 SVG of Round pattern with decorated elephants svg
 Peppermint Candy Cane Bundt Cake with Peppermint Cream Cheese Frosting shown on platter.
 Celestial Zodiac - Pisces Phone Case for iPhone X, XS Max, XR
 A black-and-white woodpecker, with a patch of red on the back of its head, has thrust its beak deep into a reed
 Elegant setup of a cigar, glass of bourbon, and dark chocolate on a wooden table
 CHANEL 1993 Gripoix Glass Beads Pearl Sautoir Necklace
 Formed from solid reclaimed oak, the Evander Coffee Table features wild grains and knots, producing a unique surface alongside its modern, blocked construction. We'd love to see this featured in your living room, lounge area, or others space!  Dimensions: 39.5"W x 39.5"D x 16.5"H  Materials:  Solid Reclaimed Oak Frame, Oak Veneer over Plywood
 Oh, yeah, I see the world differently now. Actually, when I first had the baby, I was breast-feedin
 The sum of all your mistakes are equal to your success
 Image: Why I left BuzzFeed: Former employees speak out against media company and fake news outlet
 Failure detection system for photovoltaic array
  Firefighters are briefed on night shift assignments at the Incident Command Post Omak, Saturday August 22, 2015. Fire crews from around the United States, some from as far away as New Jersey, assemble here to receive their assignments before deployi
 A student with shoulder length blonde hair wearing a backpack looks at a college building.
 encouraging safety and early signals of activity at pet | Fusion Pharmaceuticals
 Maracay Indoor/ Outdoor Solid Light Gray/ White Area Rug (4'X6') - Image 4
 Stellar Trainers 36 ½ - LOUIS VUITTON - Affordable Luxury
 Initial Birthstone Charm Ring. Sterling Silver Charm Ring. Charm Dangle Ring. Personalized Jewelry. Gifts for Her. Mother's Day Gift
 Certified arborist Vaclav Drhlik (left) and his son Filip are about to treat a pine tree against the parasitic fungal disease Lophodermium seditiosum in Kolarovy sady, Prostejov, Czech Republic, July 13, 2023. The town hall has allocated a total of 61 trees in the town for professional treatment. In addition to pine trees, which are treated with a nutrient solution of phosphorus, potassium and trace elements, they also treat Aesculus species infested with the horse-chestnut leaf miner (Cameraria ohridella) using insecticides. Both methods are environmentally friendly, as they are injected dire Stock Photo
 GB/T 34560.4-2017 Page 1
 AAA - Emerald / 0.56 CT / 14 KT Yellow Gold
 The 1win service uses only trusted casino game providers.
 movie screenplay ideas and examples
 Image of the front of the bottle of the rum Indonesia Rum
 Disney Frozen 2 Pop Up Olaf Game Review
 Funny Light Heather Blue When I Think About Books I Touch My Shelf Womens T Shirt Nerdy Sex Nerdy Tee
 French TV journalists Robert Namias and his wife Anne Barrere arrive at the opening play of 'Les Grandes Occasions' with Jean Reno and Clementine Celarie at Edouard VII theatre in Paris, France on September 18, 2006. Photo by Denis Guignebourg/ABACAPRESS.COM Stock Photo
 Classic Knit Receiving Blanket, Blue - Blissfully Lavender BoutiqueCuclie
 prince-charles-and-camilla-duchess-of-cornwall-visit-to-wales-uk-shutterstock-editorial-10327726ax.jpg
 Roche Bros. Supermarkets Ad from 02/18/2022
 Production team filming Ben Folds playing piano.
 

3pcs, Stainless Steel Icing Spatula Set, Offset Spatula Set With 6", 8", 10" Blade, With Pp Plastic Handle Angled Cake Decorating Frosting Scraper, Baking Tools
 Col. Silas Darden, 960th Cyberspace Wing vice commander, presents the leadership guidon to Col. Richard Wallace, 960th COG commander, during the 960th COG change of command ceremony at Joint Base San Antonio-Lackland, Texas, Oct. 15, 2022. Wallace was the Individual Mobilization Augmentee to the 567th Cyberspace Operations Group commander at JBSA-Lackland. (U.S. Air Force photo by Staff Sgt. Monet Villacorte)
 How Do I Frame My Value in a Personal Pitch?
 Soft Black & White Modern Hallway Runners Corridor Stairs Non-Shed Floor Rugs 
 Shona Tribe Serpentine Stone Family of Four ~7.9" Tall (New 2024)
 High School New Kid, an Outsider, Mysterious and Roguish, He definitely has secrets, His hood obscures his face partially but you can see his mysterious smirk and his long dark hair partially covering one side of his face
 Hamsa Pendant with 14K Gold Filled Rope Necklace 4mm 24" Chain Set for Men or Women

* Work request:
Word for word, repeat the data from its first line through the line with "Firefighters are briefed", including both of those lines and no others.

* Solution to this exercise:
 SVG of Round pattern with decorated elephants svg
 Peppermint Candy Cane Bundt Cake with Peppermint Cream Cheese Frosting shown on platter.
 Celestial Zodiac - Pisces Phone Case for iPhone X, XS Max, XR
 A black-and-white woodpecker, with a patch of red on the back of its head, has thrust its beak deep into a reed
 Elegant setup of a cigar, glass of bourbon, and dark chocolate on a wooden table
 CHANEL 1993 Gripoix Glass Beads Pearl Sautoir Necklace
 Formed from solid reclaimed oak, the Evander Coffee Table features wild grains and knots, producing a unique surface alongside its modern, blocked construction. We'd love to see this featured in your living room, lounge area, or others space!  Dimensions: 39.5"W x 39.5"D x 16.5"H  Materials:  Solid Reclaimed Oak Frame, Oak Veneer over Plywood
 Oh, yeah, I see the world differently now. Actually, when I first had the baby, I was breast-feedin
 The sum of all your mistakes are equal to your success
 Image: Why I left BuzzFeed: Former employees speak out against media company and fake news outlet
 Failure detection system for photovoltaic array
  Firefighters are briefed on night shift assignments at the Incident Command Post Omak, Saturday August 22, 2015. Fire crews from around the United States, some from as far away as New Jersey, assemble here to receive their assignments before deployi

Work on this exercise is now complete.